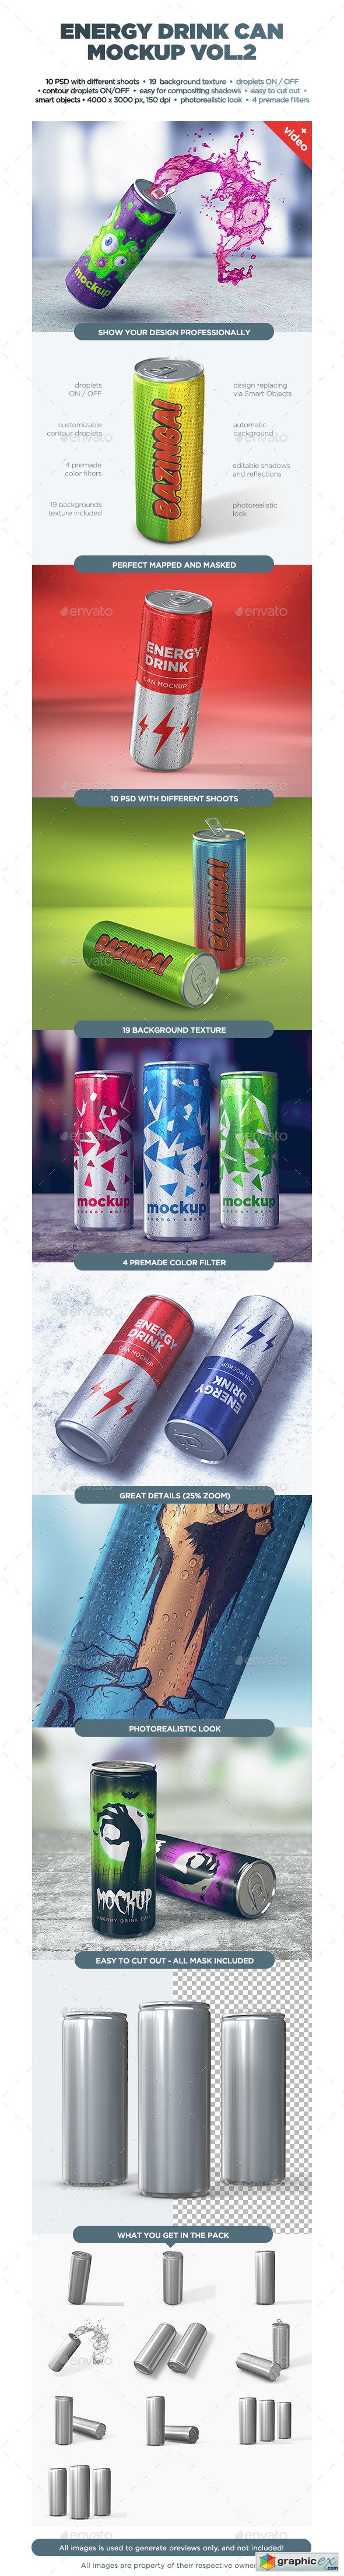 Energy Drink Can Mockup vol2
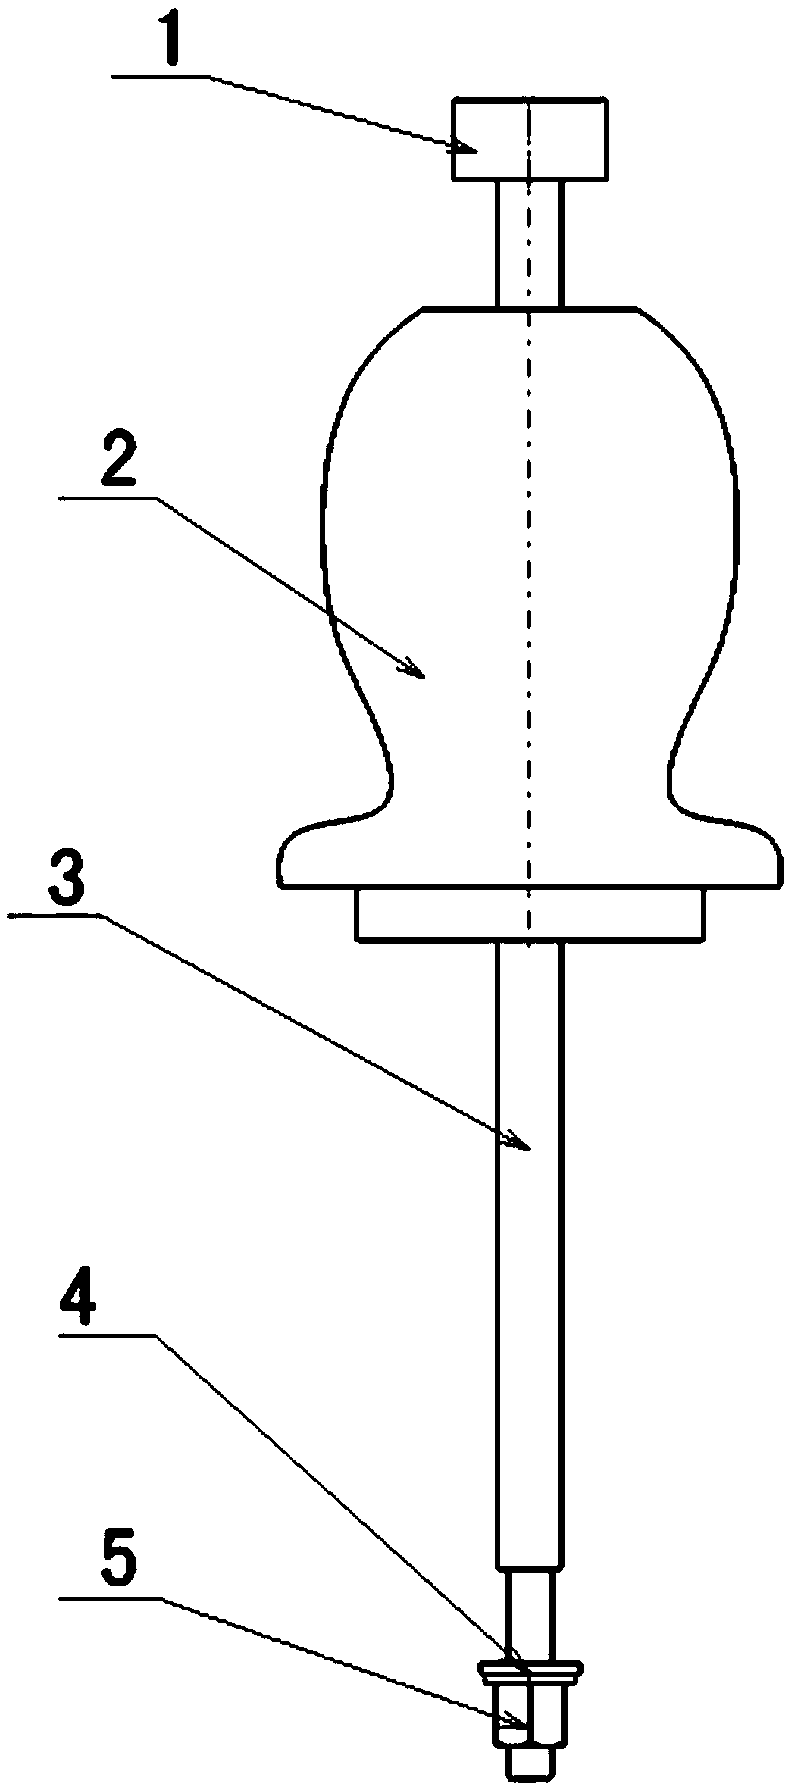 A tool for removing shouldered bushing of drilling jig and its use method
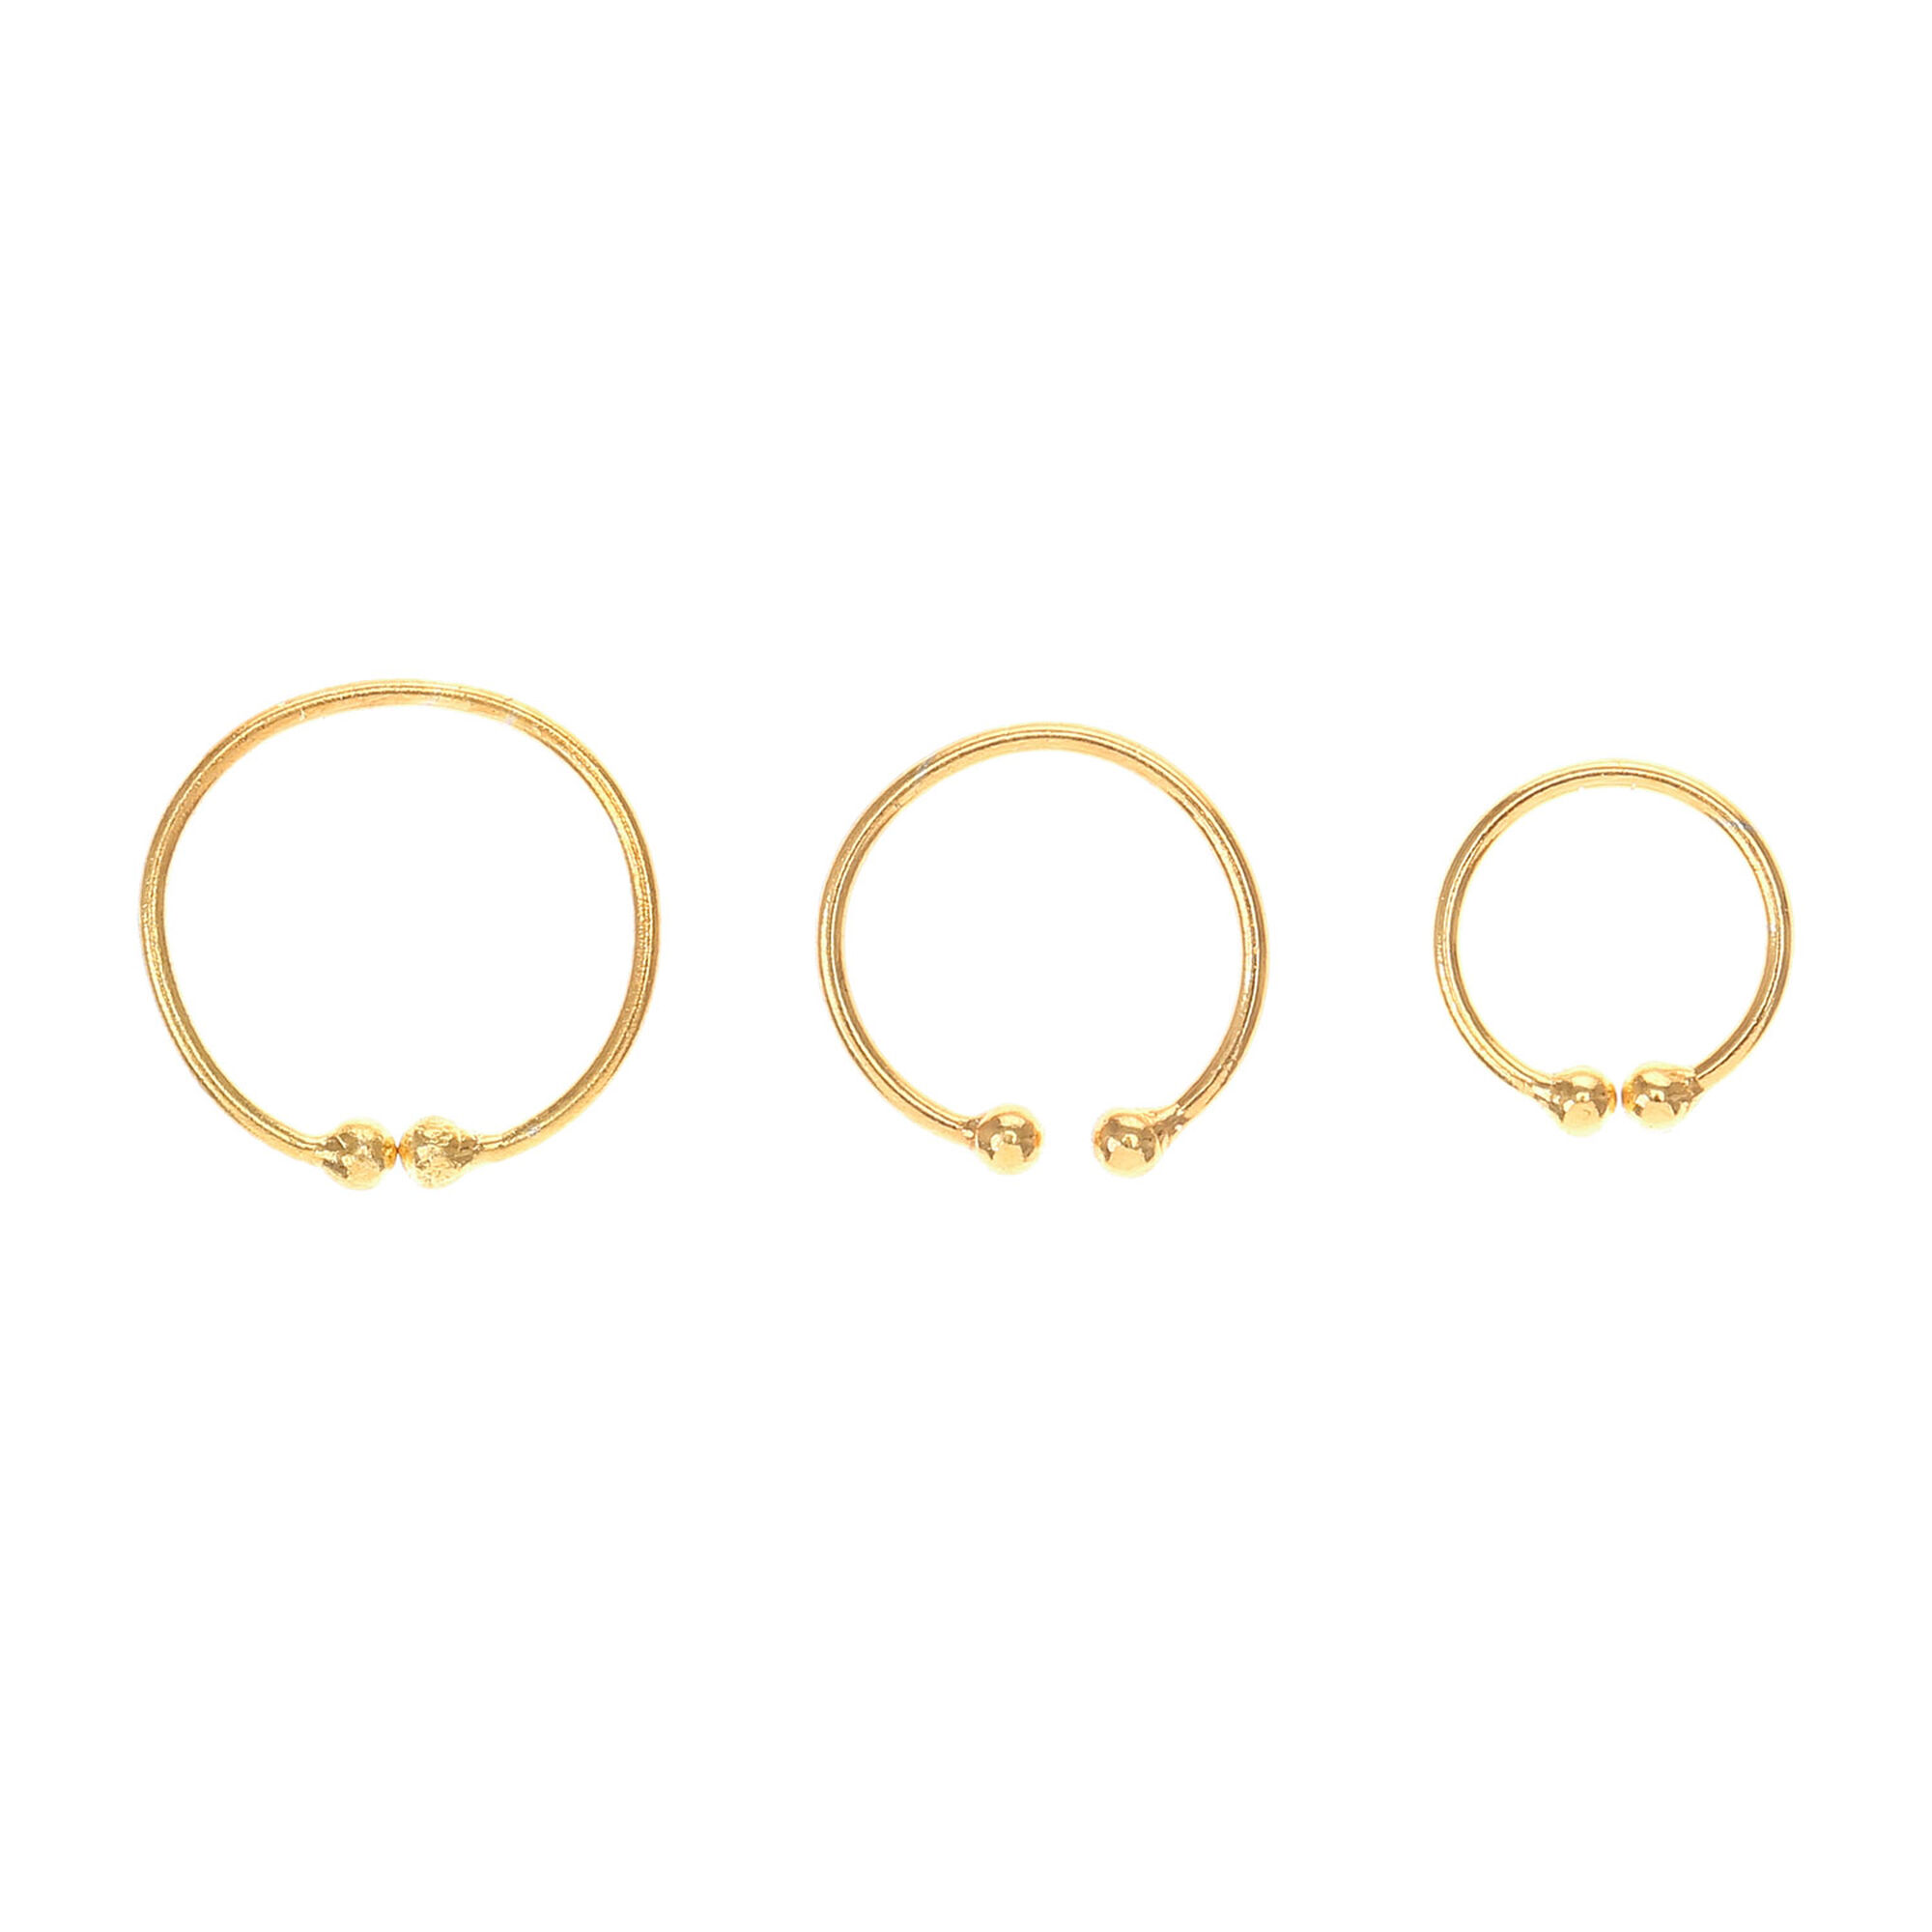 View Claires Tone Graduated Faux Hoop Nose Rings 3 Pack Gold information

• [PROBLEM TO WORK ON] Print the listing again exactly, please. Keep the pictures out of it.

• [RESPONSE TO THE EXERCISE]
 Energy Drink Can Mockup vol2
 A tool for removing shouldered bushing of drilling jig and its use method
 View Claires Tone Graduated Faux Hoop Nose Rings 3 Pack Gold information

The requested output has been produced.